Hino da Pérola

O Hino da Pérola foi composto no primeiro século depois de Cristo. É uma passagem belíssima do evangelho apócrifo Atos de Tomé (Tomé o canta na prisão para seus companheiros de cela). Foi escrito em Siríaco (Um dialeto do Aramaico Médio, adotado pelo Cristianismo Ortodoxo Oriental). Mais tarde surgiu a versão em Grego. Suspeita-se que a autoria seja do gnóstico Bardesanes, autor de outros hinos da mesma natureza. Ironicamente, a versão siríaca é a menos confiável, por ter sofrido modificação da Igreja Católica. Talvez um dia seja inserido entre os textos canônicos, quando todos os livros forem queimados por inúteis.

Hino da Pérola

1 Quando era pequenino vivia em meu reino na casa de meu Pai

2 e na opulência e abundância de meus educadores encontrava meu prazer

3 quando meus pais me equiparam e enviaram desde o Oriente, minha pátria

4 Das riquezas de nosso tesouro me prepararam um enxoval pequeno,

5 mas valioso e leve para que eu mesmo o transportasse.

6 Ouro da casa dos deuses, prata dos grandes tesouros,

7 rubis da Índia, ágatas do reino de Kushan.

8 Me cingiram um diamante que pode talhar o ferro.

9 Me retiraram o vestido brilhante que eles amorosamente haviam feito para mim

10 e a toga púrpura que havia sido confeccionada para meu tamanho

11 Fizeram um pacto comigo e escreveram em meu coração, para que não o esquecesse, isto:

12 ”Se desces ao Egito e te apoderas da pérola única

13 que se encontra no fundo do mar na morada da serpente que faz espuma

14 vestirás de novo o vestido resplandecente e a toga que descansa sobre ele

15 e serás herdeiro de nosso reino com teu irmão, o mais próximo a nosso nível.

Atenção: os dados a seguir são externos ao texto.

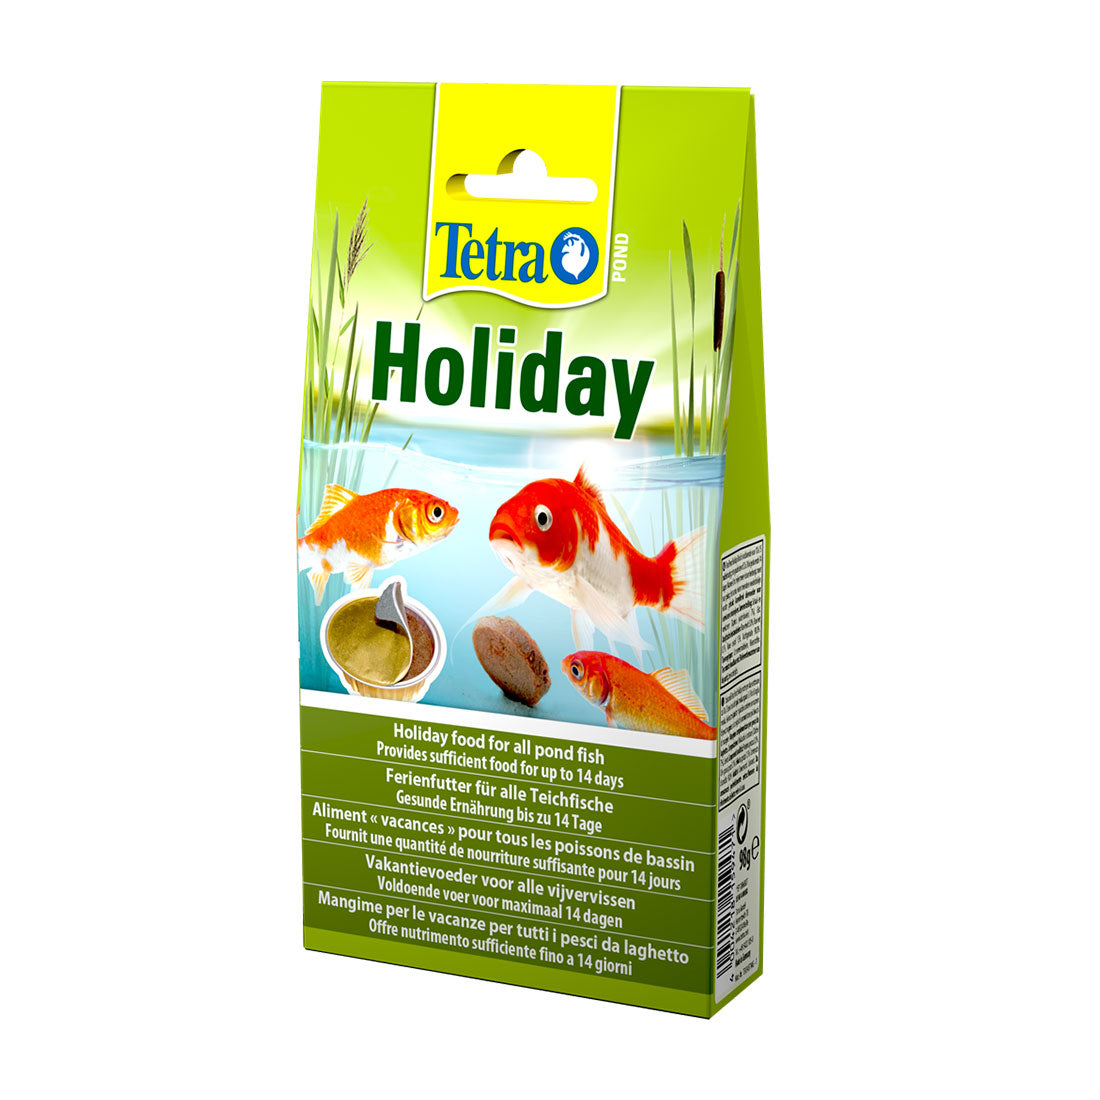 Tetra Pond Variety, 3in1 Different Fish Food Sticks for All Pond

16 Abandonei Oriente e desci acompanhado de dois guias

17 pois o caminho era perigoso e difícil e era muito jovem para viajar.

18 Atravessei a região de Messena, o lugar de reunião dos mercadores do Oriente,

19 e alcancei a terra de Babel e penetrei no recinto de Sarbuj.

20 Cheguei ao Egito e meus companheiros me abandonaram.

21 Me dirigi diretamente à serpente e morei próximo de seu albergue

22 esperando que o sono a tomasse e dormisse e assim poder conseguir a pérola.

23 E quando estava absolutamente só, estrangeiro naquele país estranho,

24 vi um de minha raça, um homem livre, um oriental,

25 jovem, formoso e favorecido,

26 um filho de nobres, e chegou e se relacionou comigo

27 e o disse meu amigo íntimo, um companheiro a quem confiar meu segredo.

28 O adverti contra os egípcios e contra a sociedade dos impuros.

29 E me vesti com seus disfarces para que não suspeitassem que havia vindo de longe

30 para tirar-lhes a pérola e impedir que excitassem a serpente contra mim.

31 Mas de alguma maneira se deram conta de que eu não era um compatriota;

32 me estenderam uma armadilha e fizeram comer de seus alimentos.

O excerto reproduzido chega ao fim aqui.